The mole – also called an excavator, drill, and probe – was built by the German Aerospace Center (DLR) and deployed by NASA’s InSight lander. His goal was to drill 16 feet into Martian soil to take his temperature and … well, he never managed to do that.
The digger had only drilled 14 inches before he got stuck in the first month of his mission. Months later, in October 2019, NASA engineers planned to get the excavator back on track using a robotic excavator to help reload the 14 inches and support the excavator in its next attempt to dig 16 feet. The NASA team were convinced the probe was finally ready to go, but they were wrong.

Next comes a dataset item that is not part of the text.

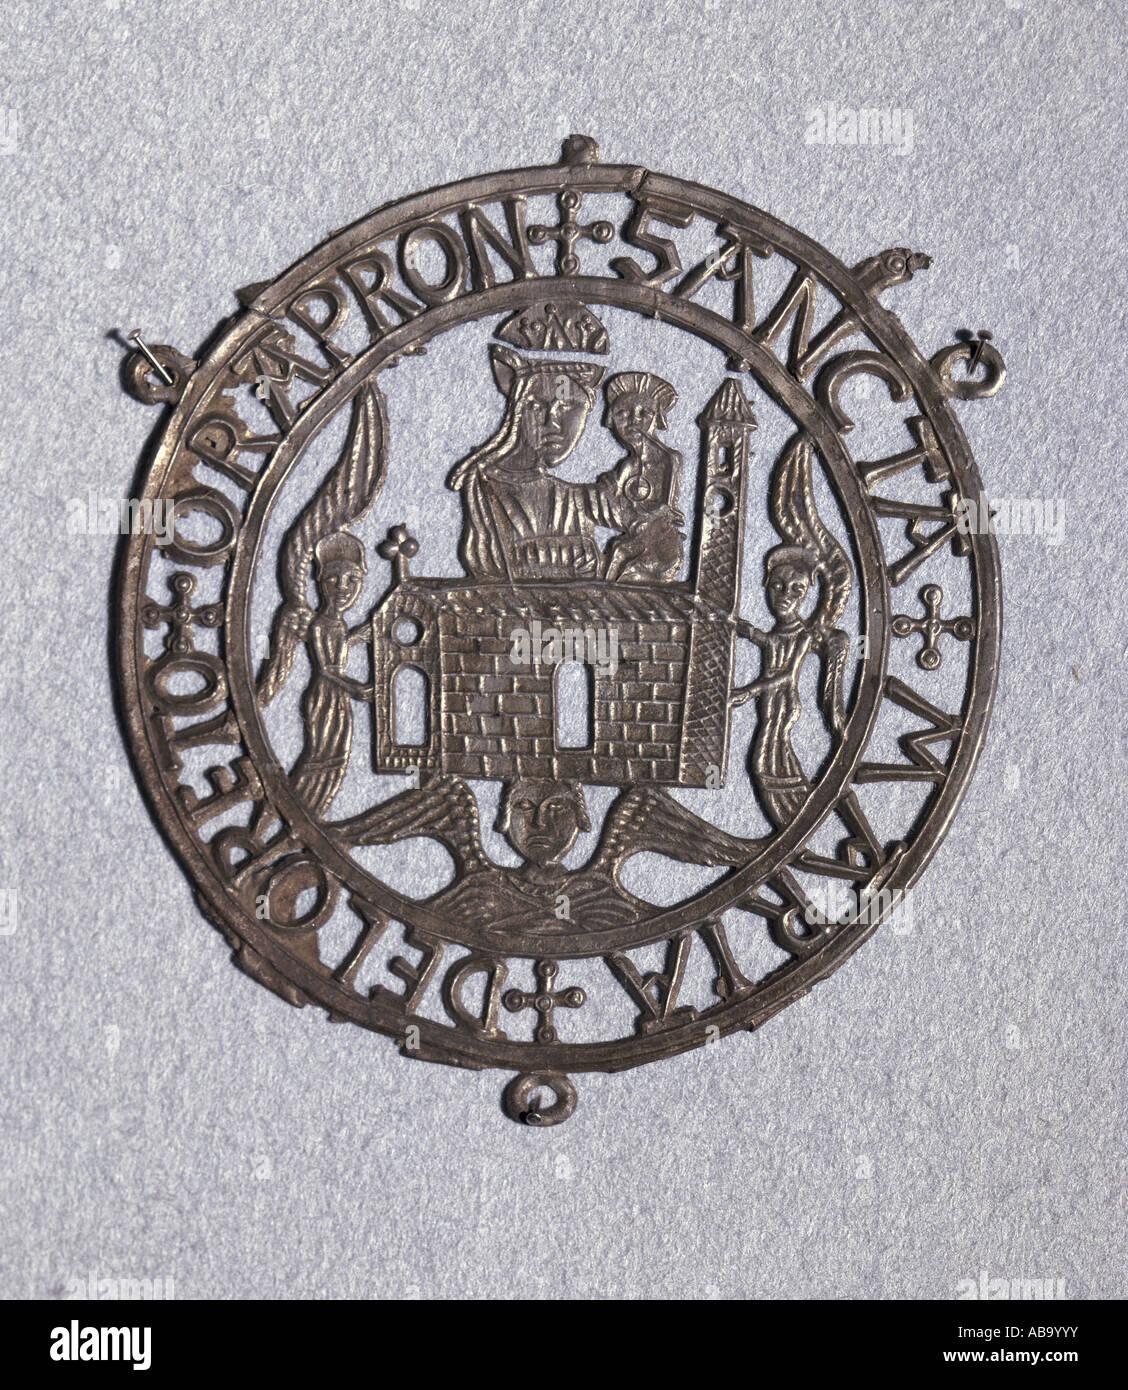 religion, christianity, pilgramage, pilgrimS s badge, Holy House of Nazareth, tin alloy, Loreto, 14th century, private - Stock Image

NASA’s next idea in February 2020 was to have the InSight lander push the probe with its robotic arm.
It didn’t work either. After attempting to use the scoop on InSight’s robotic arm again on January 9, 2021, the probe made 500 more hammer blows with no progress. At this point, the team declared the probe dead.
“We’ve given him everything we’ve got, but Mars and our heroic mole remain incompatible,” DLR’s Tilman Spohn said in the NASA announcement.
There is good news, however. Spohn said work on this probe will benefit future missions because they have learned a lot on the surface of Mars.
Thomas Zurbuchen, associate administrator for science at NASA headquarters in Washington, said he was proud of the mission team – and his work was useful. “That’s why we take risks at NASA – we have to push the boundaries of technology to know what works and what doesn’t,” he said.
“In that sense, we have been successful: we have learned a lot that will benefit future missions to Mars and elsewhere,” Zurbuchen continued, “and we thank our German DLR partners for providing this instrument and for their collaboration.”